→ **Records for this exercise**
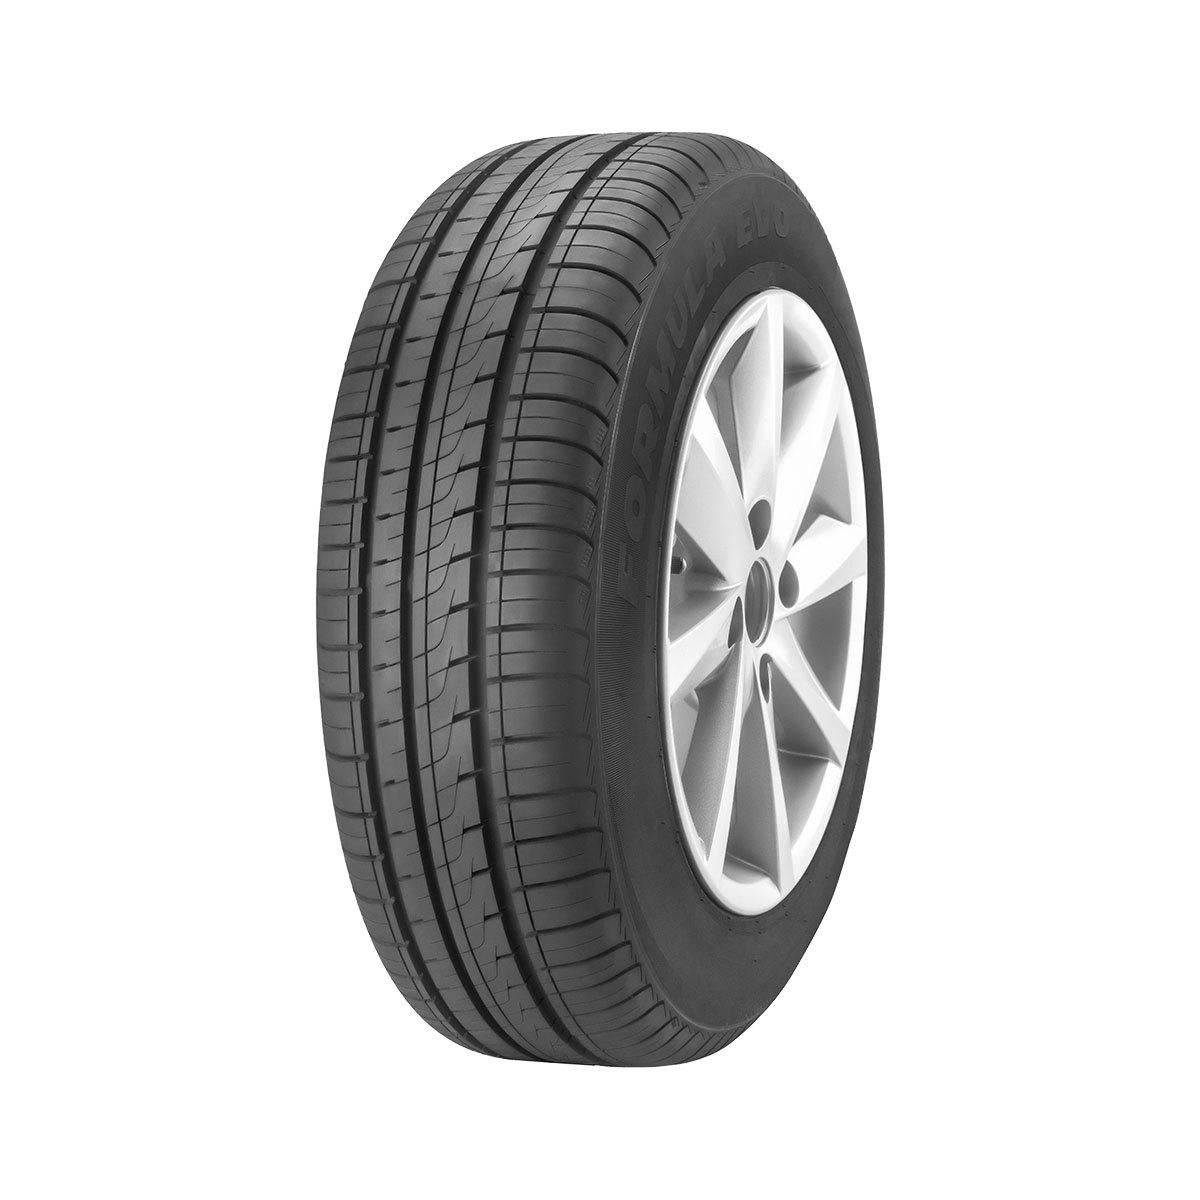 Pneu Pirelli Formula Evo 175/70 R13 82T - Cantele Centro Automotivo
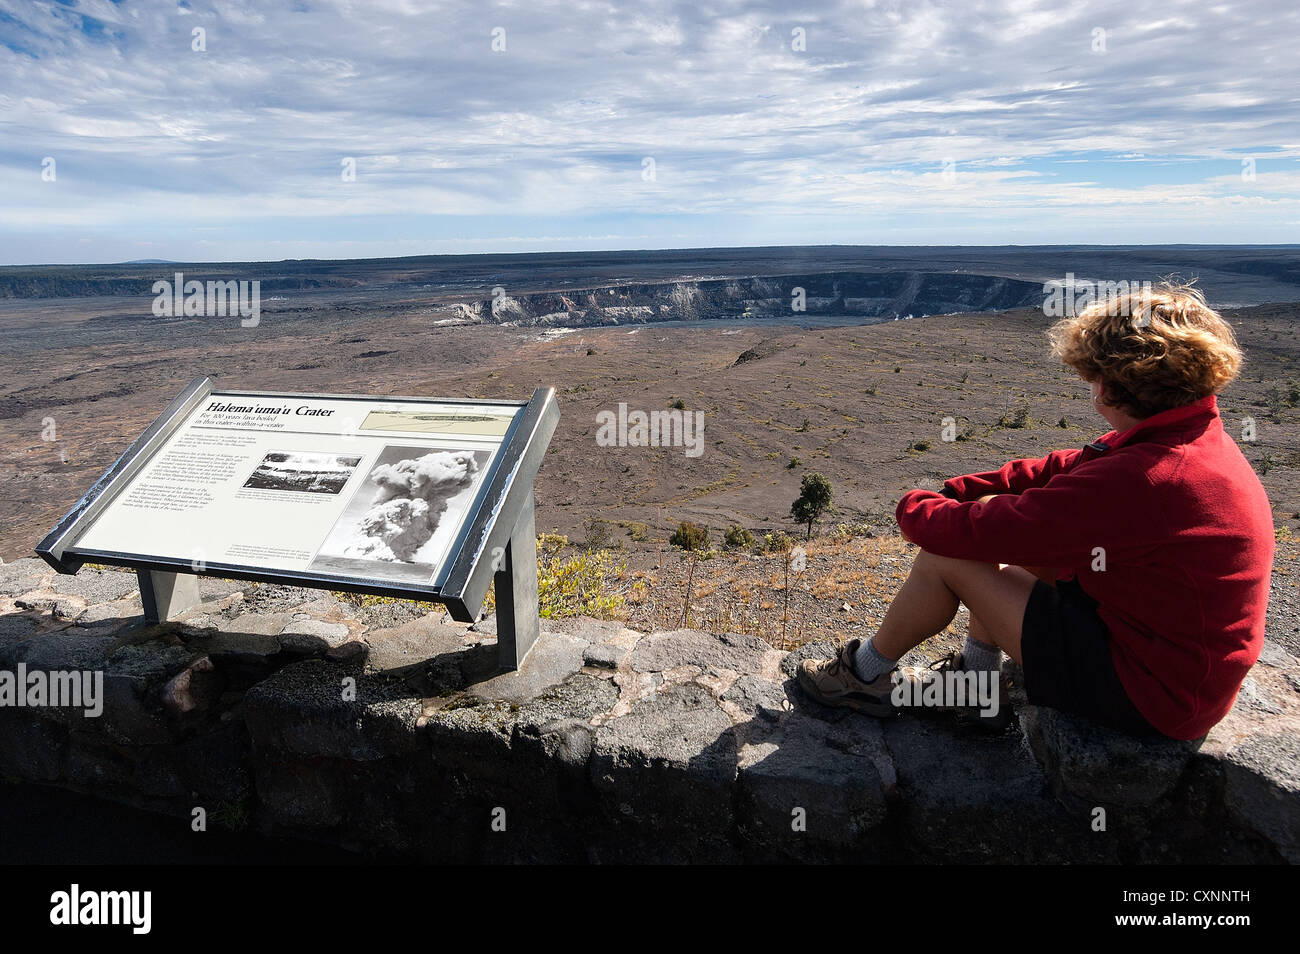 Elk284-2303 Hawaii, Big Island, Volcanoes National Park, Halema'uma'u Crater with woman visitor - Stock Image
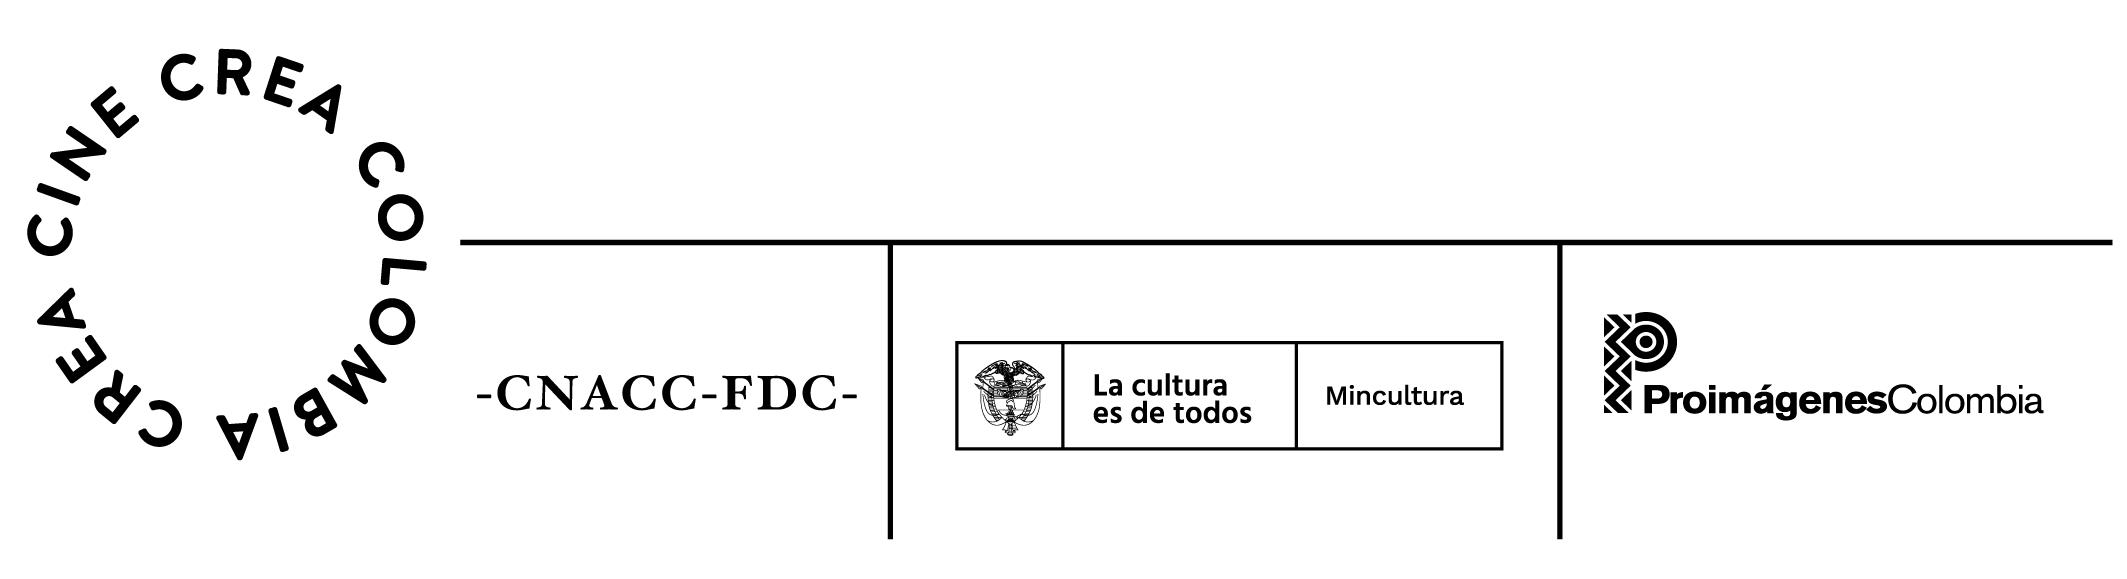 20210701 1632 fdc logo negro
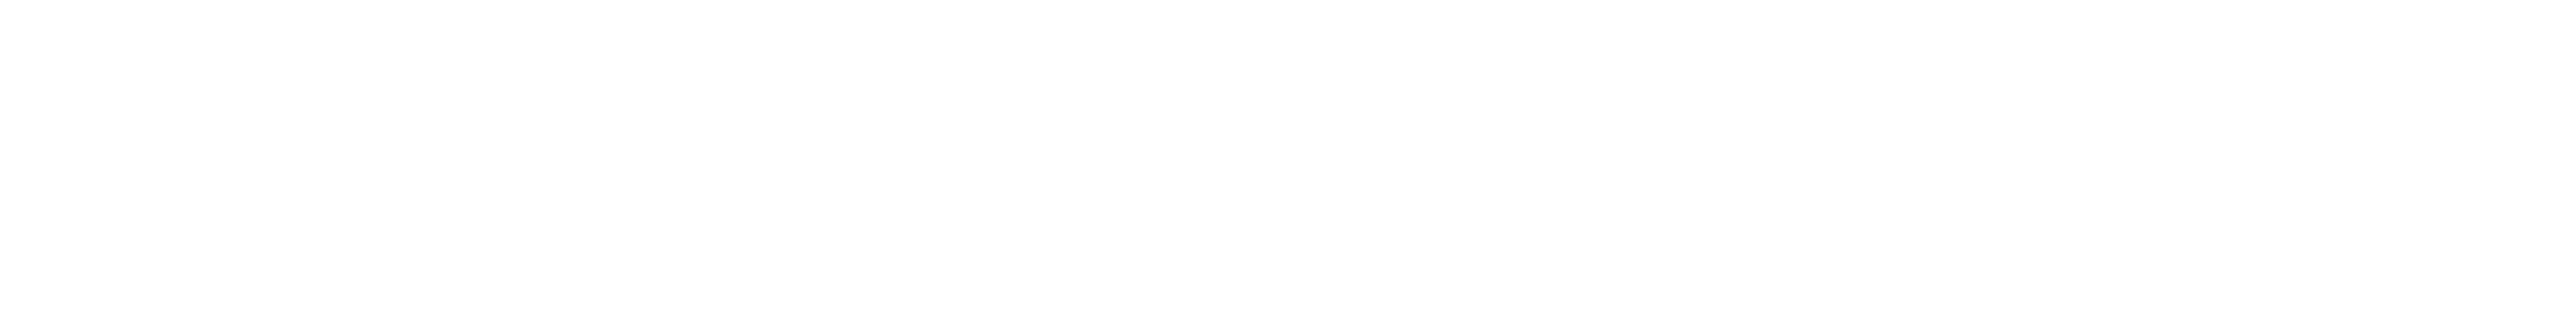 western-union-neg
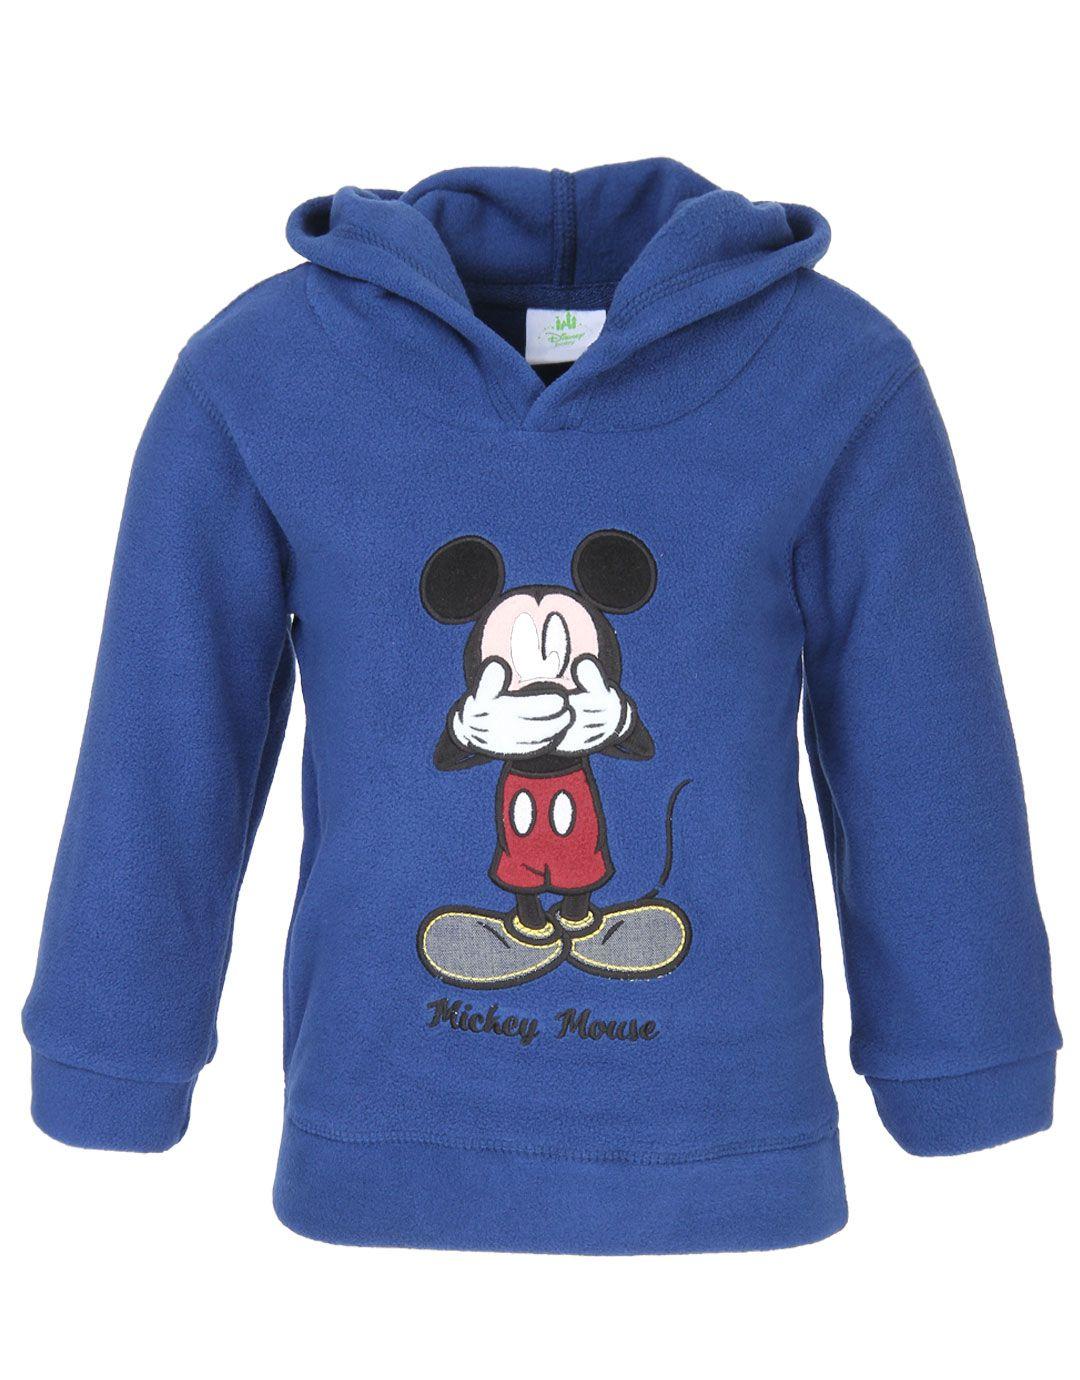 Fox Navy Sweatshirt for Girls

→ **The problem**
Starting at the line that contains "Elk284-2303 Hawaii, Big", please write out each line through the last line of the data, both ends included, and keep pictures out of the copy.

→ **Task answer**
 Elk284-2303 Hawaii, Big Island, Volcanoes National Park, Halema'uma'u Crater with woman visitor - Stock Image
 20210701 1632 fdc logo negro
 western-union-neg
 Fox Navy Sweatshirt for Girls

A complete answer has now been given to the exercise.